On the other hand, 50 Cent, who made his name dissing his rap rivals, is such an incendiary figure that the film has already been the subject of controversy in the African American community, which has long had an ambivalent relationship with its hip-hop icons, sometimes showing some love, other times disgust or disapproval. Protests have focused on the film’s billboards, some of which portray 50 Cent with a gun in one hand, a microphone in the other.

Iovine argues that dozens of movie ads, from “Mr. & Mrs. Smith” to “The Bourne Supremacy,” show their stars armed with guns. He also defends the film’s graphic violence, saying it is no different from innumerable scenes in any number of critically beloved Martin Scorsese films.

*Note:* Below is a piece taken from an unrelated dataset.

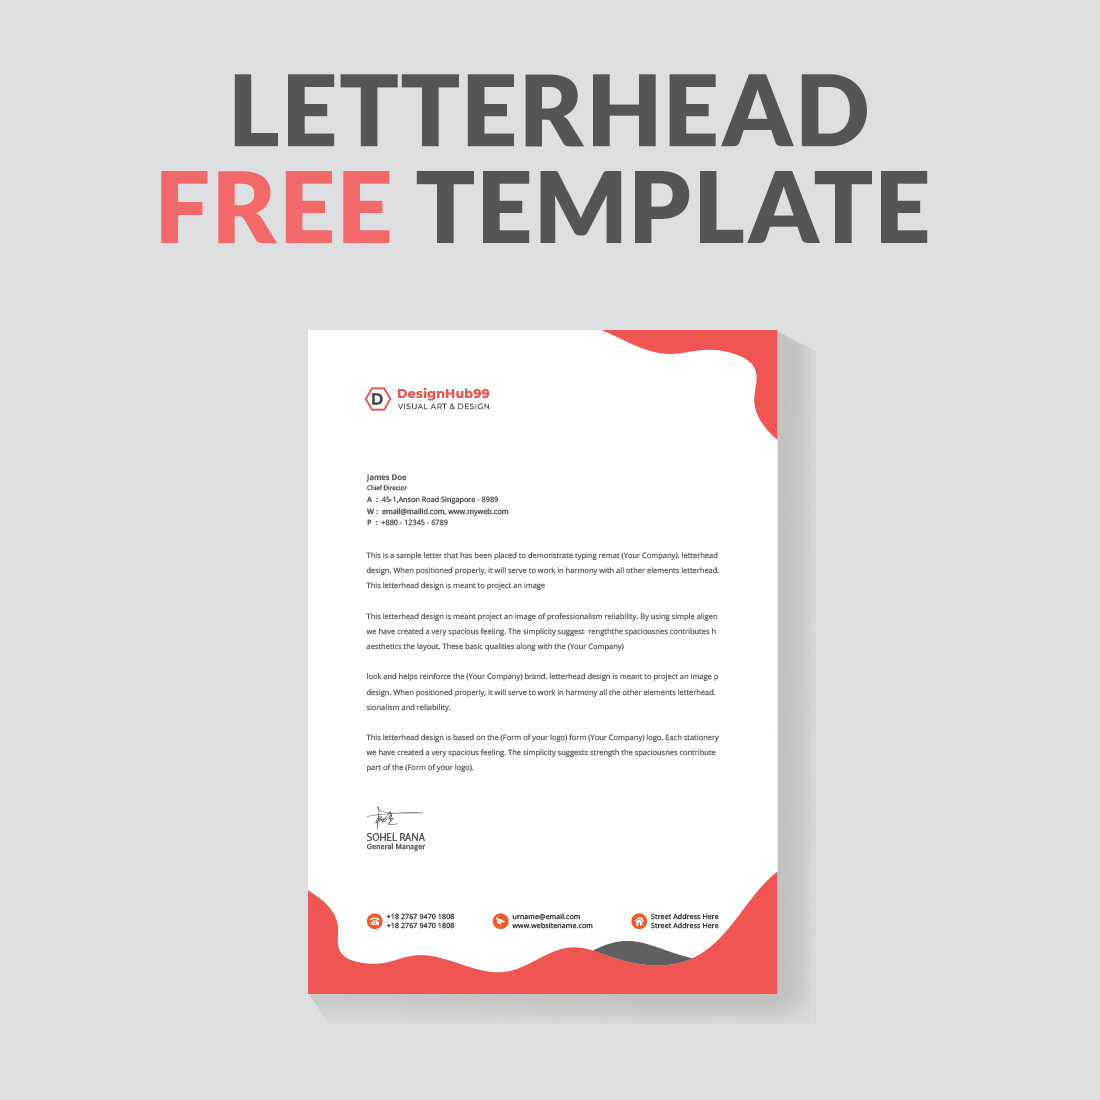 Company letterhead template cover image.

“There’s a double standard here,” Iovine says. “50 Cent is a magnet because people in hip-hop get treated differently than people in movies. Depicting criminals in a movie doesn’t make more criminals. The easy way out for the character 50 plays would be to be a criminal, but he takes the harder way out. The film shows that you can overcome anything in life if you have the guts to follow the truth.”

I’m not sure the moral is quite that simple, but the movie does offer a different vision of 50 Cent, who has been easy to dismiss as a thuggish misogynist. Maybe it’s the storytelling, maybe it’s the medium, but in the film the rap star isn’t the one-note insult artist he is on his CDs. His movie debut is certainly more self-assured than a certain action star whose willingness to slaughter hundreds of people on screen didn’t stop him from reinventing himself as a crusading politician.

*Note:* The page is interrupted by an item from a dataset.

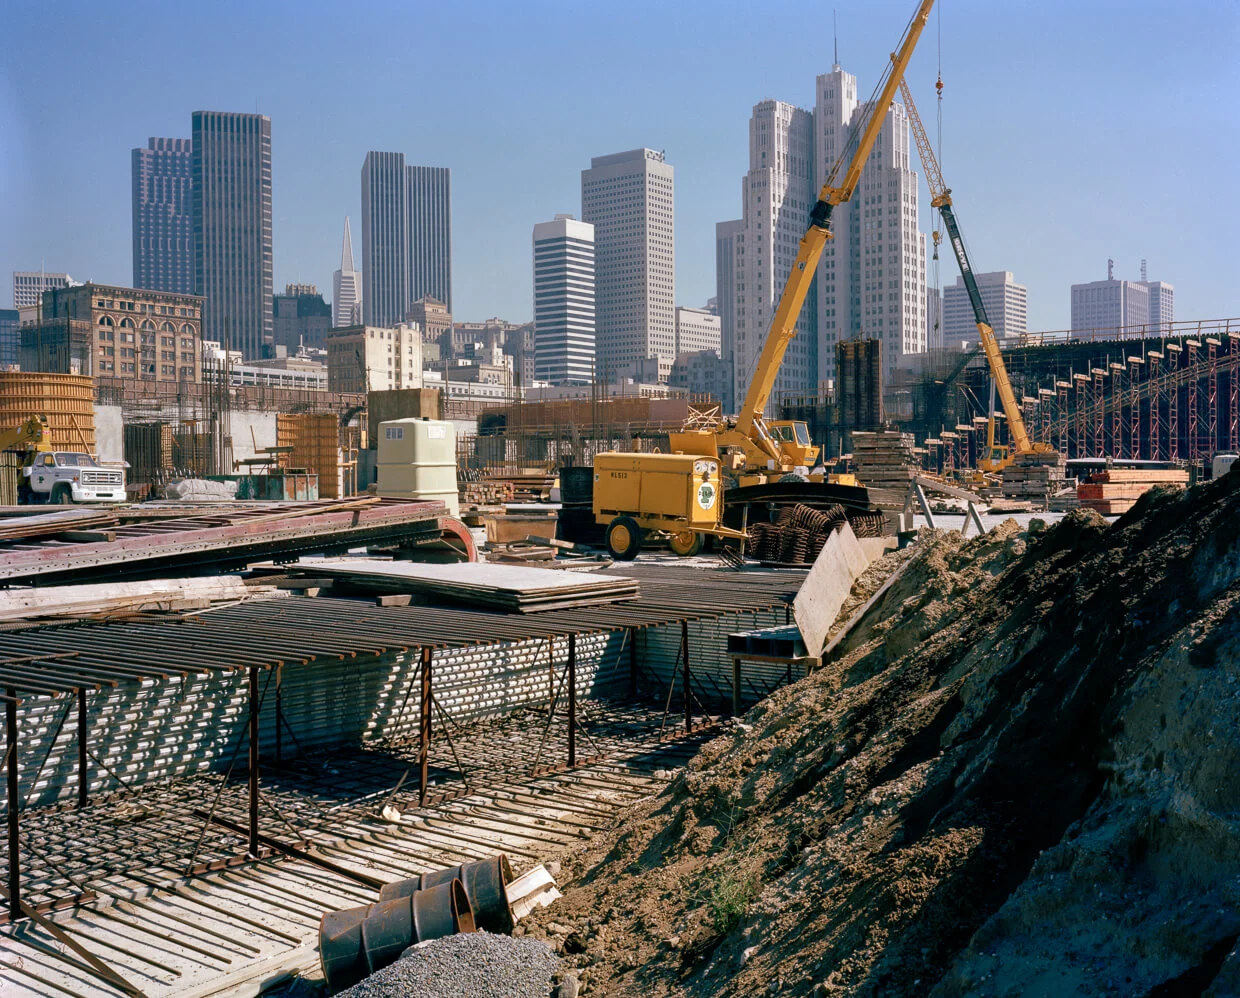 Moscone Center Under Construction, 1980

Iovine doesn’t apologize for his artists’ willingness to incite or offend -- in fact, he sees it as an integral ingredient in their appeal. This uncompromising attitude has its perils, but it puts Iovine more in touch with youth culture than most movie executives, who seem more eager to avoid risks, not court them. As he puts it: “Once the studios had this boom in marketing and production costs, they got rid of real entrepreneurs and brought in corporate managers, just like Time Warner did in the music business when they got rid of Mo Ostin, David Geffen and our company. When everyone starts worrying about Wall Street, it’s always the content that is damaged.”

If I were running a studio, I’d be recruiting outsiders like Iovine who have their ears to the ground. It wasn’t so long ago that people laughed at the notion of a white rapper -- until Eminem came along. Whether it’s music or film, Iovine knows the difference between what’s authentic and what’s ersatz.

Advertisement

When dessert comes at the end of lunch, he steers me away from a chocolate cookie that’s fat-free, but flavor-free too.

“Don’t even bother,” he says. “It’s a mouse trying to be a rat.”